Copy out the listing below exactly, please, and skip any pictures.

----- Recorded information

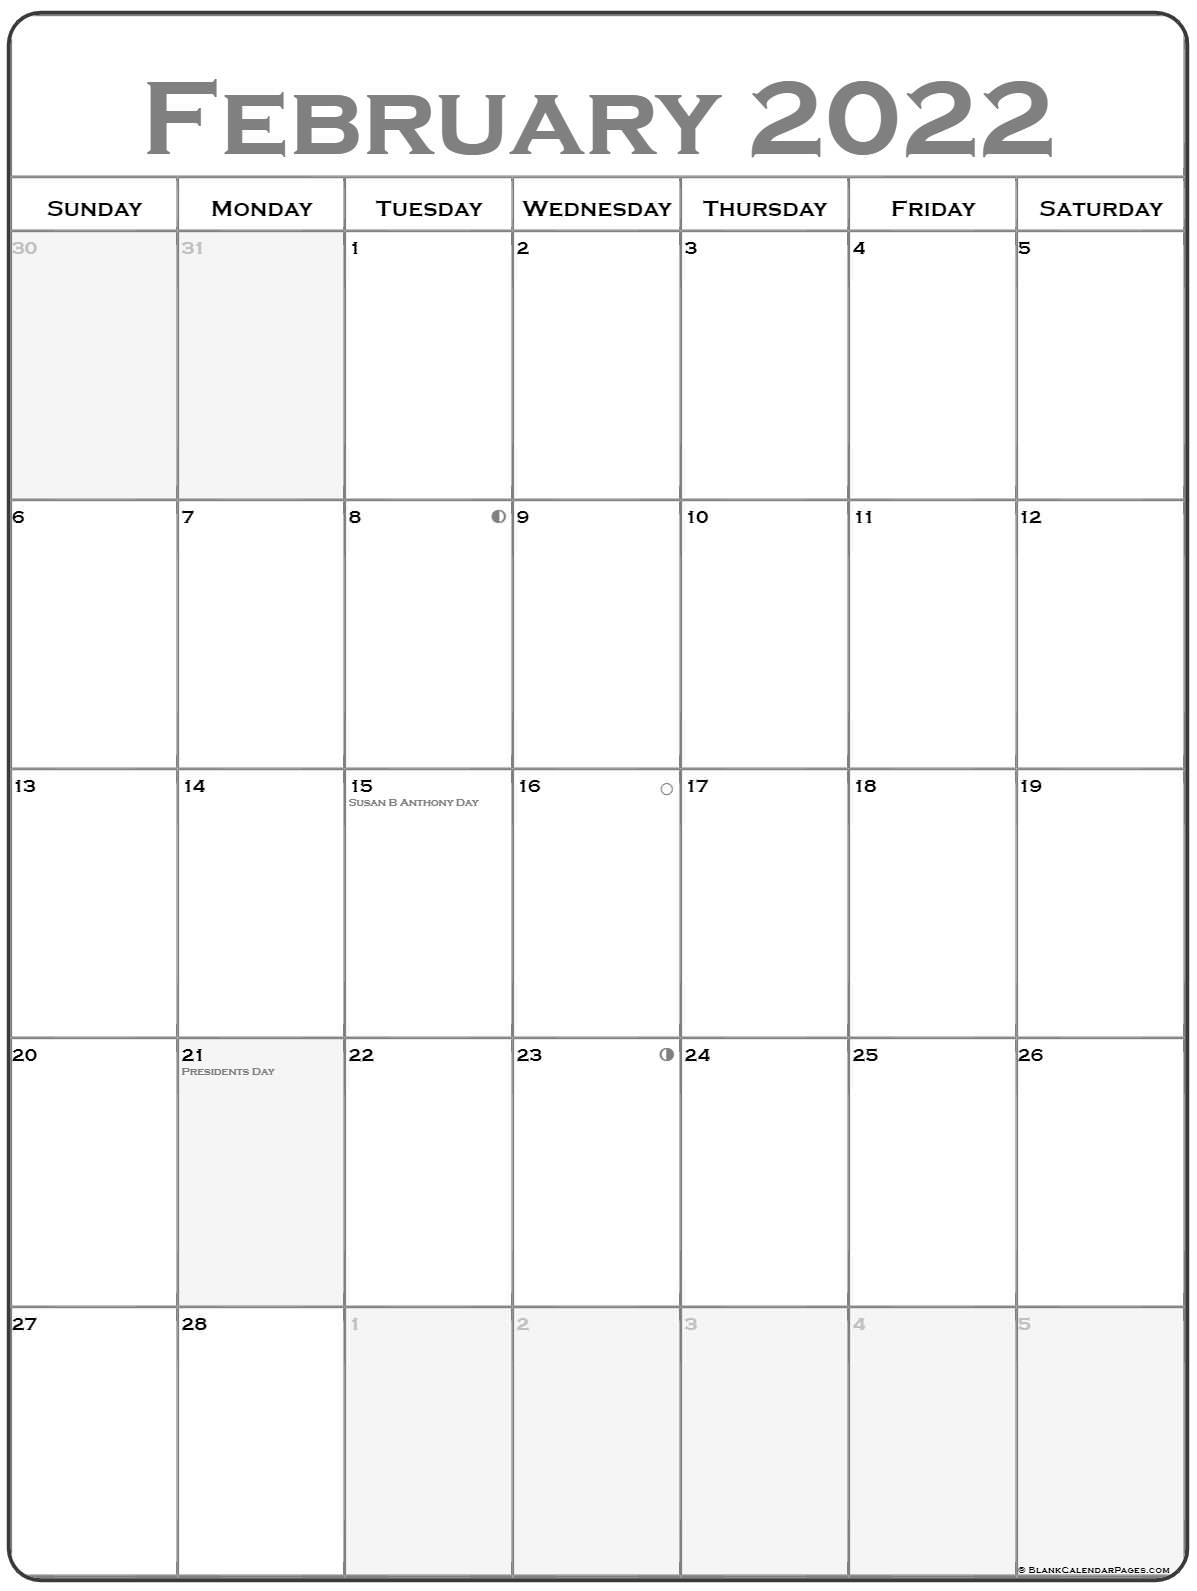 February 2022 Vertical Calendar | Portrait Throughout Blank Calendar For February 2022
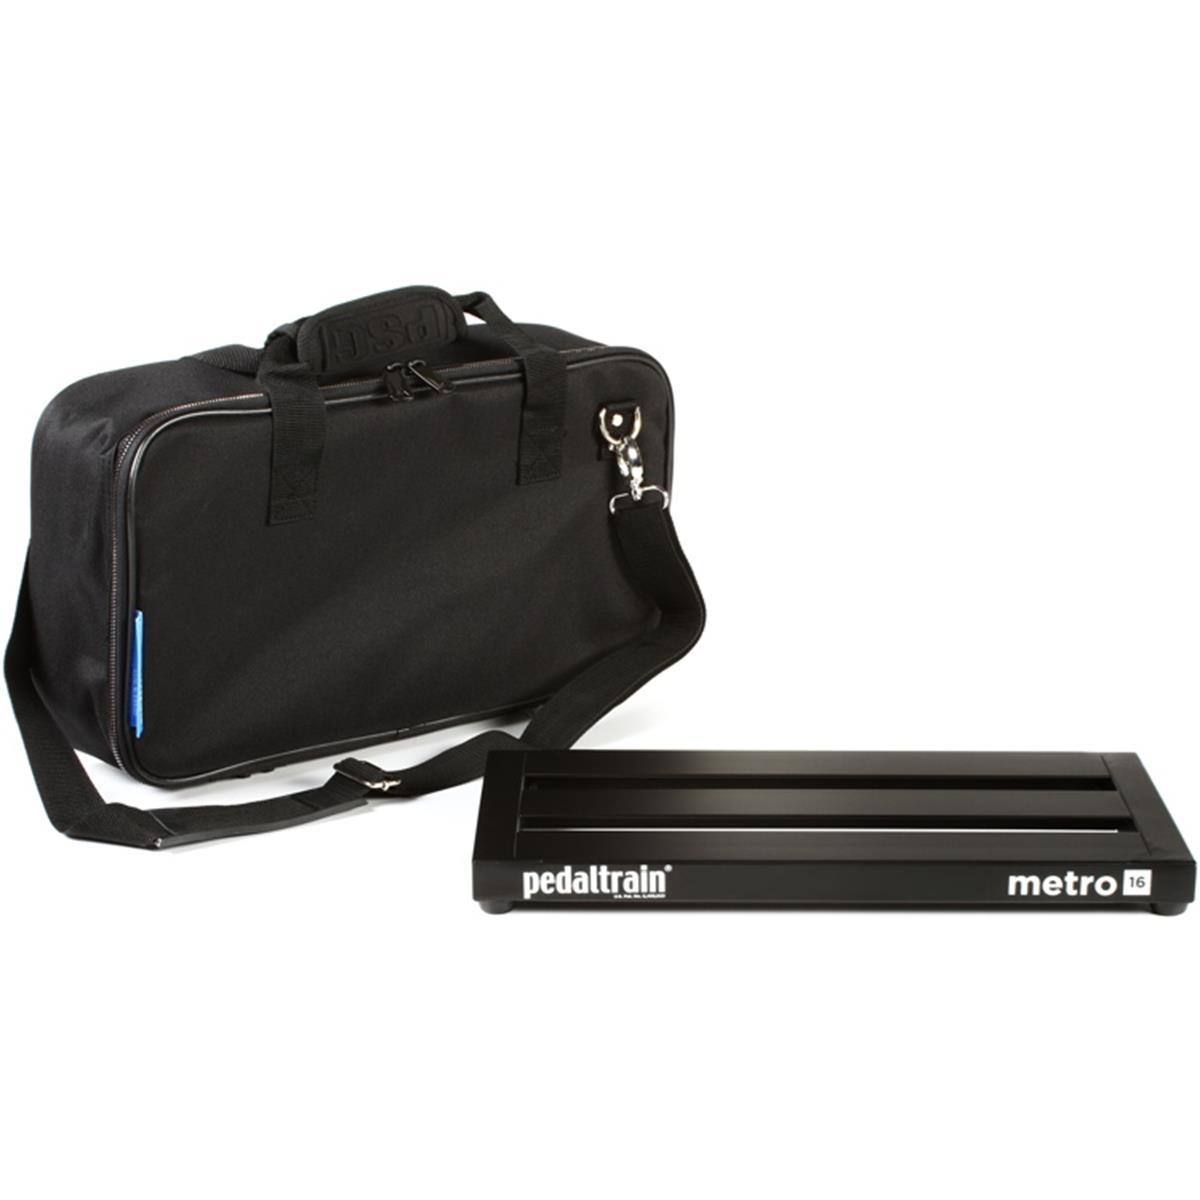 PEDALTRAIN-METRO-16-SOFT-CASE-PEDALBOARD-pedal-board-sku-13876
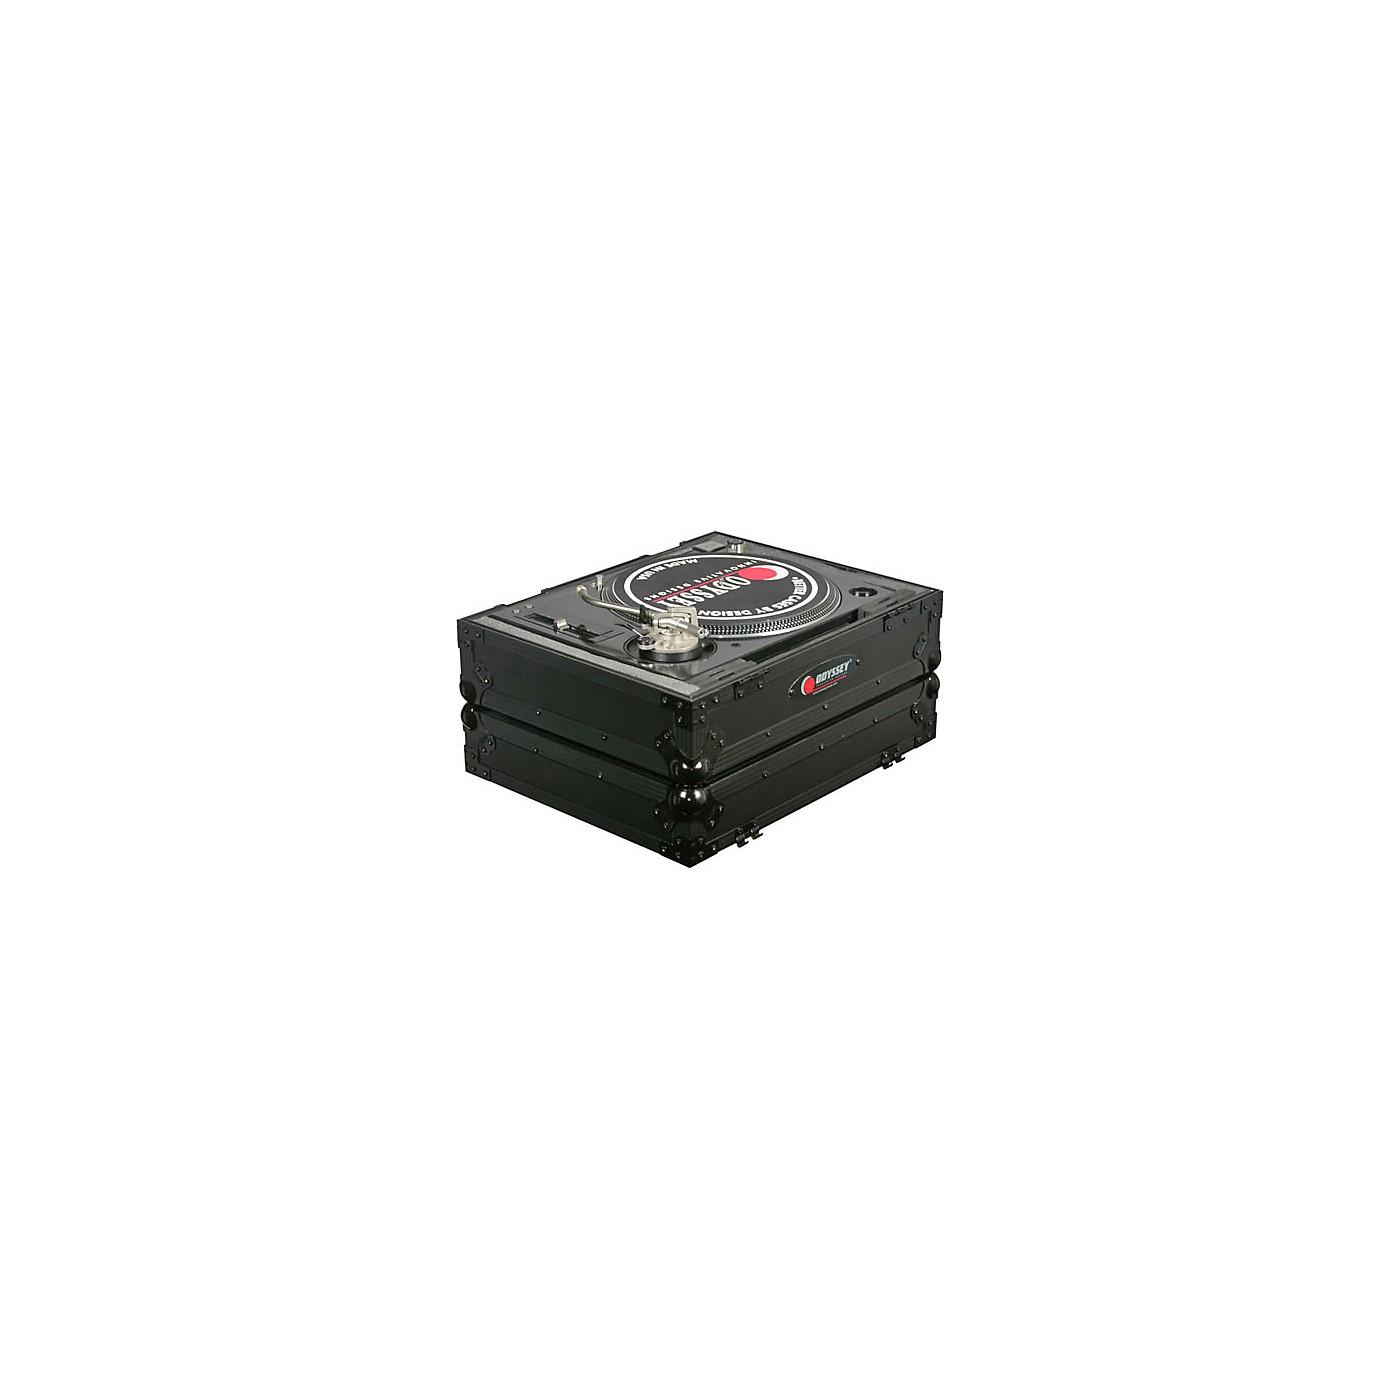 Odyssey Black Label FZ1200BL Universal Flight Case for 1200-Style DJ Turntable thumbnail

----------

▶ **Solved problem**:
 February 2022 Vertical Calendar | Portrait Throughout Blank Calendar For February 2022
 PEDALTRAIN-METRO-16-SOFT-CASE-PEDALBOARD-pedal-board-sku-13876
 Odyssey Black Label FZ1200BL Universal Flight Case for 1200-Style DJ Turntable thumbnail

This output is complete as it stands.